Support Questions

dturner · ‎07-10-2019

We have a need to enable public IPs on the master nodes due to an requirement in Azure when adding instances to a load balancer pool. Our cluster is accessed via private IPs only, outside of this requirement.

Within the cluster bootstrap file, we enable public IPs for the master instance groups. During deployment, director will throw an error similar to the following for some but not all master nodes:

', errorInfo=ErrorInfo{code=INSTANCE_SSH_PORT_UNAVAILABLE, properties={sshServiceEndpoints=[BaseServiceEndpoint{hostEndpoint=HostEndpoint{hostAddressString='10.0.14.15', hostAddress=Optional.of(/10.0.14.15)}, port=Optional.absent(), url=Optional.absent()}, BaseServiceEndpoint{hostEndpoint=HostEndpoint{hostAddressString='52.232.245.168', hostAddress=Optional.of(/52.232.245.168)}, port=Optional.absent(), url=Optional.absent()}]}, causes=[]}}

[2019-07-10 02:49:45.507 +0000] INFO [p-d4ed238466ce-WaitForSshToSucceed] 5f79b1c9-b7d6-41d0-a933-0cfff86cf6e4 POST /api/d6.2/environments/azuresb/deployments/azuresb-1/clusters com.cloudera.launchpad.bootstrap.WaitForServersUntilTime - com.cloudera.launchpad.bootstrap.WaitForServersUntilTime: Waiting until 2019-07-10T03:09:45.038Z for an accessible port on endpoints [10.0.14.15:22, 40.79.57.122:22]

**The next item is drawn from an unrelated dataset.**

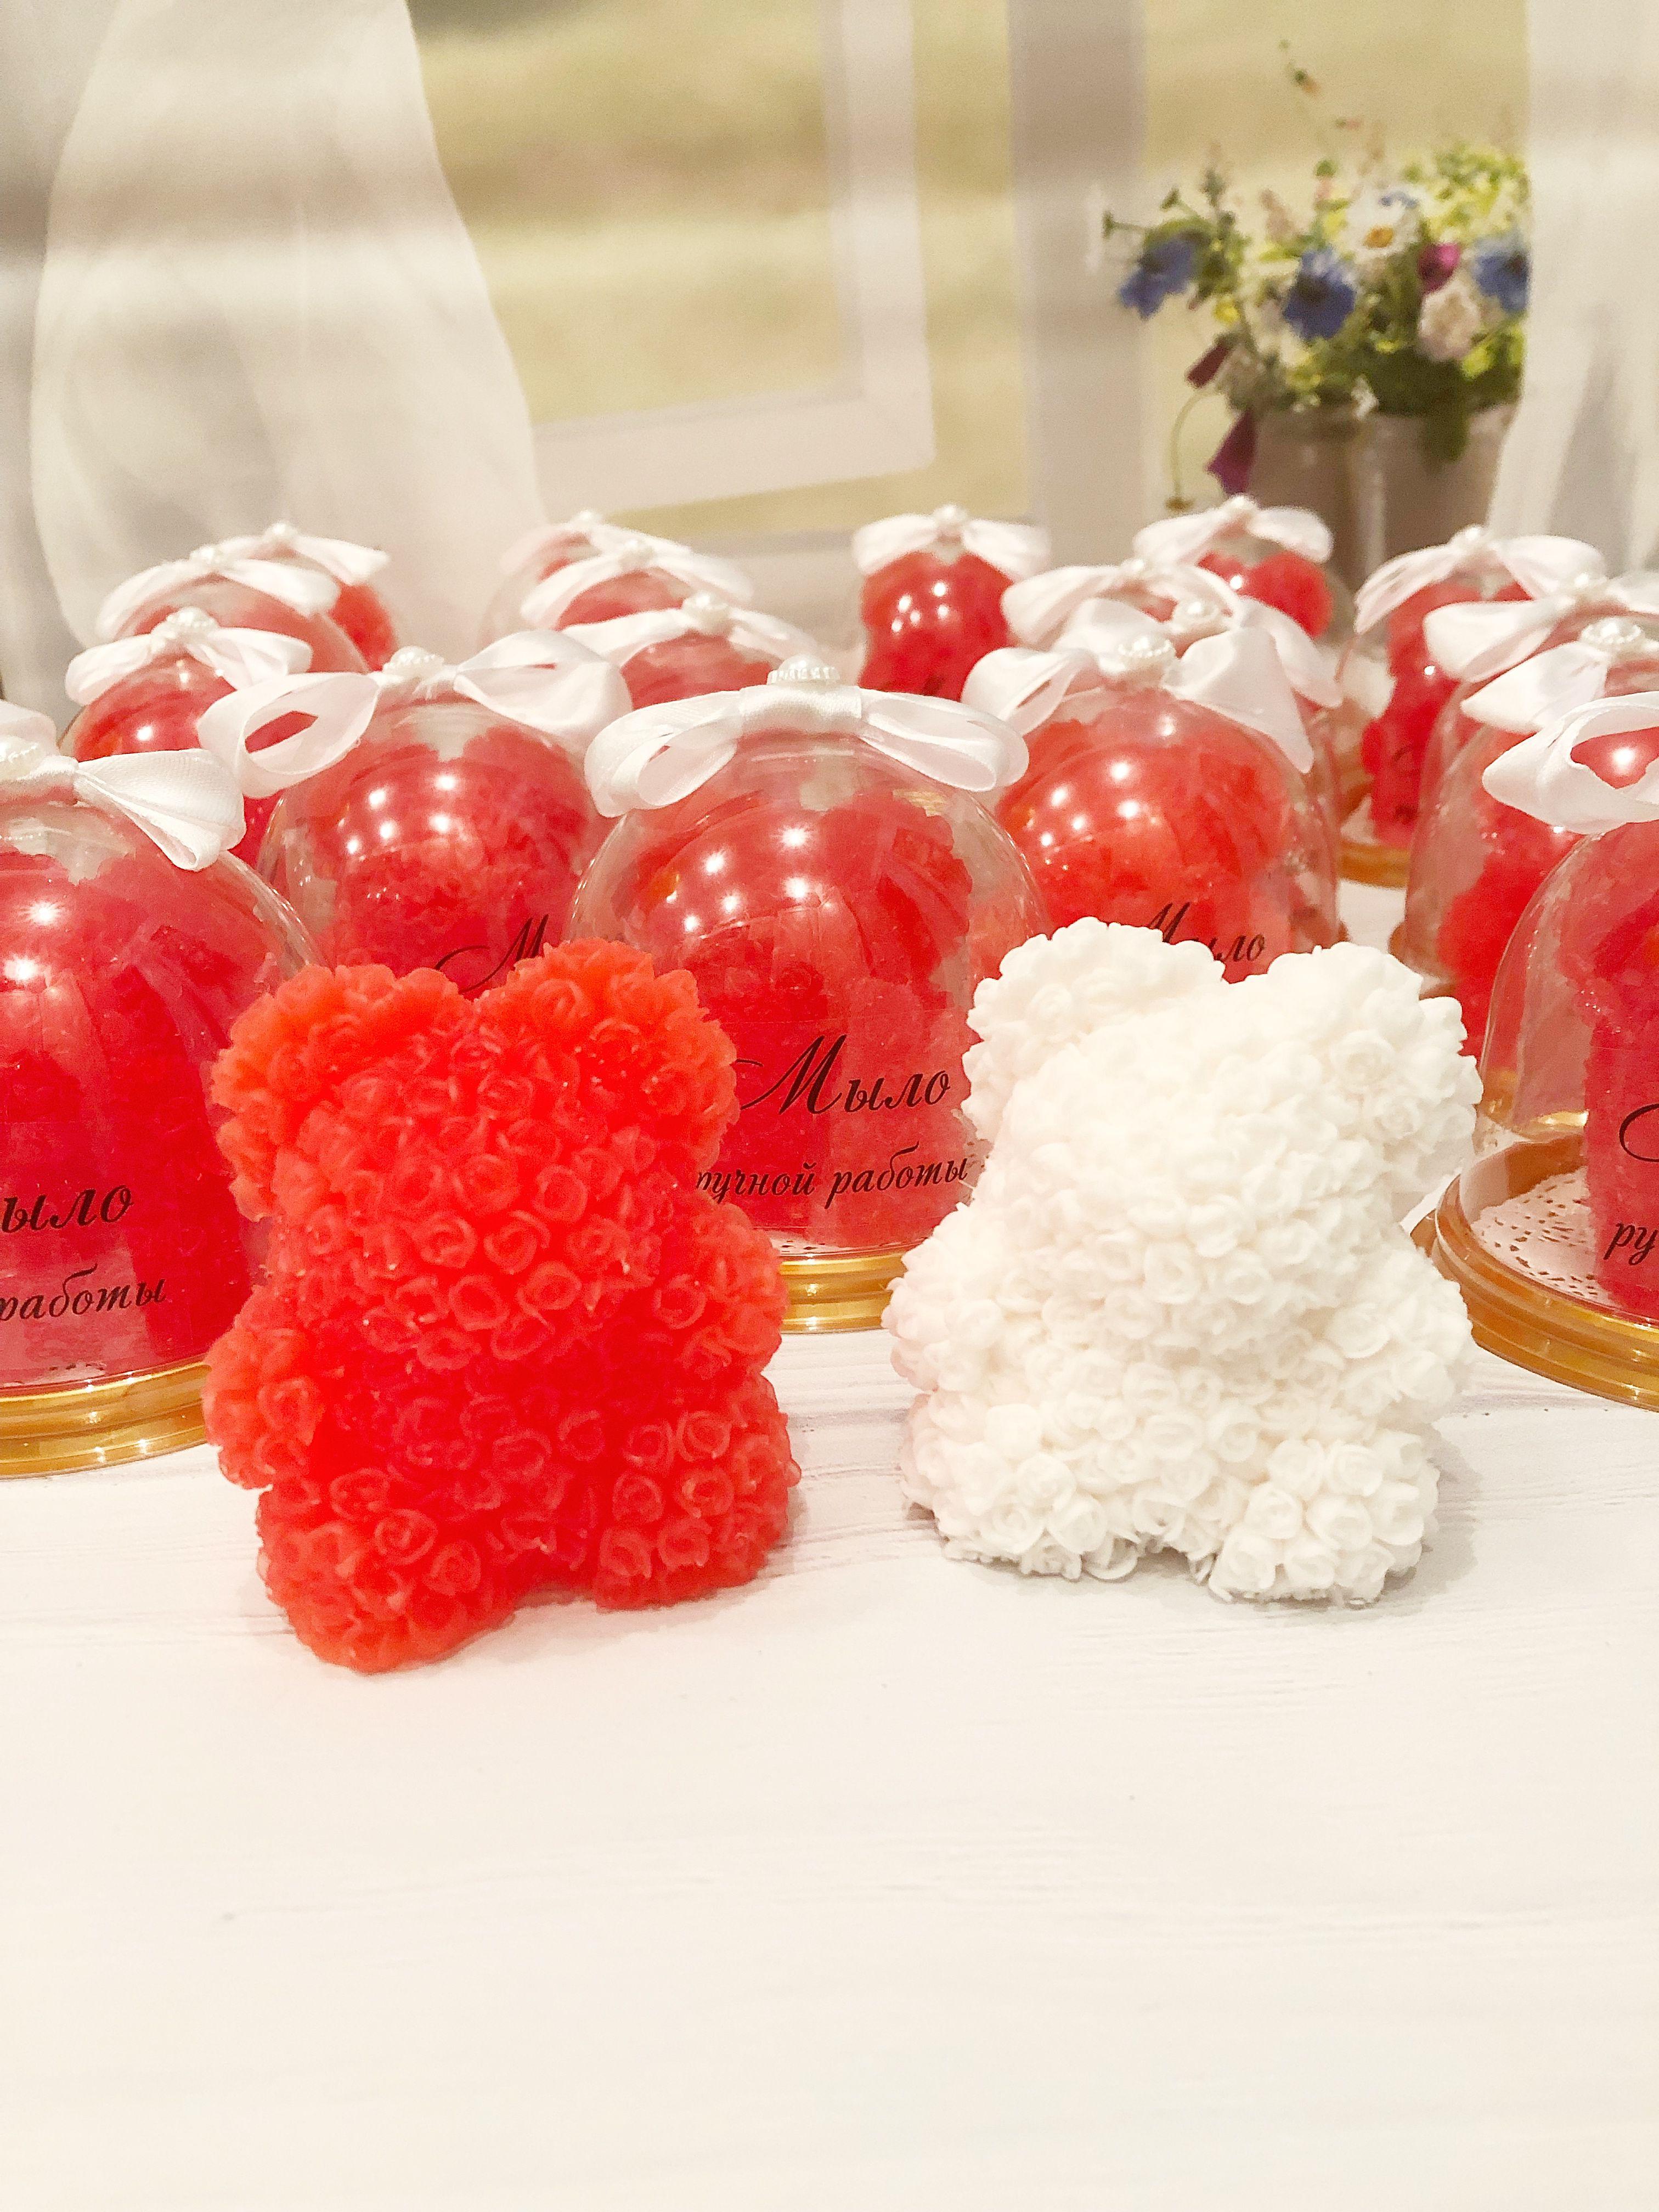 свадьбу подарок свадьбе гостей гостям свадебные для бонбоньерки свадьба

From the logs, it look like Director should try both IP's. I confirmed that I can ssh to the instance's private IP from Director - which leads me to believe it tried to SSH via the public IP, failed, and never tried to connect via the private IP. As I mentioned, this does not happen for all masters, however all masters are configured identically - with a private and public IP.

Can someone confirm if both IP's would need to be accessible from the Director server for the installation to continue?

dturner · ‎08-16-2019

We discovered that there were sporadic network issues in the tunnel between Azure and AWS ( our director instance is in AWS). Our assumption is that this was causing transient connection issues between director and Azure instances. Declaring issue solved for now as we no longer are experiencing it.

View solution in original post

dhan · ‎07-11-2019

You are correct in that Director will attempt to connect via each IP in the list, preferring to connect over the private IP. You should be fine if only one of the IPs is accessible. Director should cycle through the IPs until the configured timeout, default 20 minutes after instance allocation.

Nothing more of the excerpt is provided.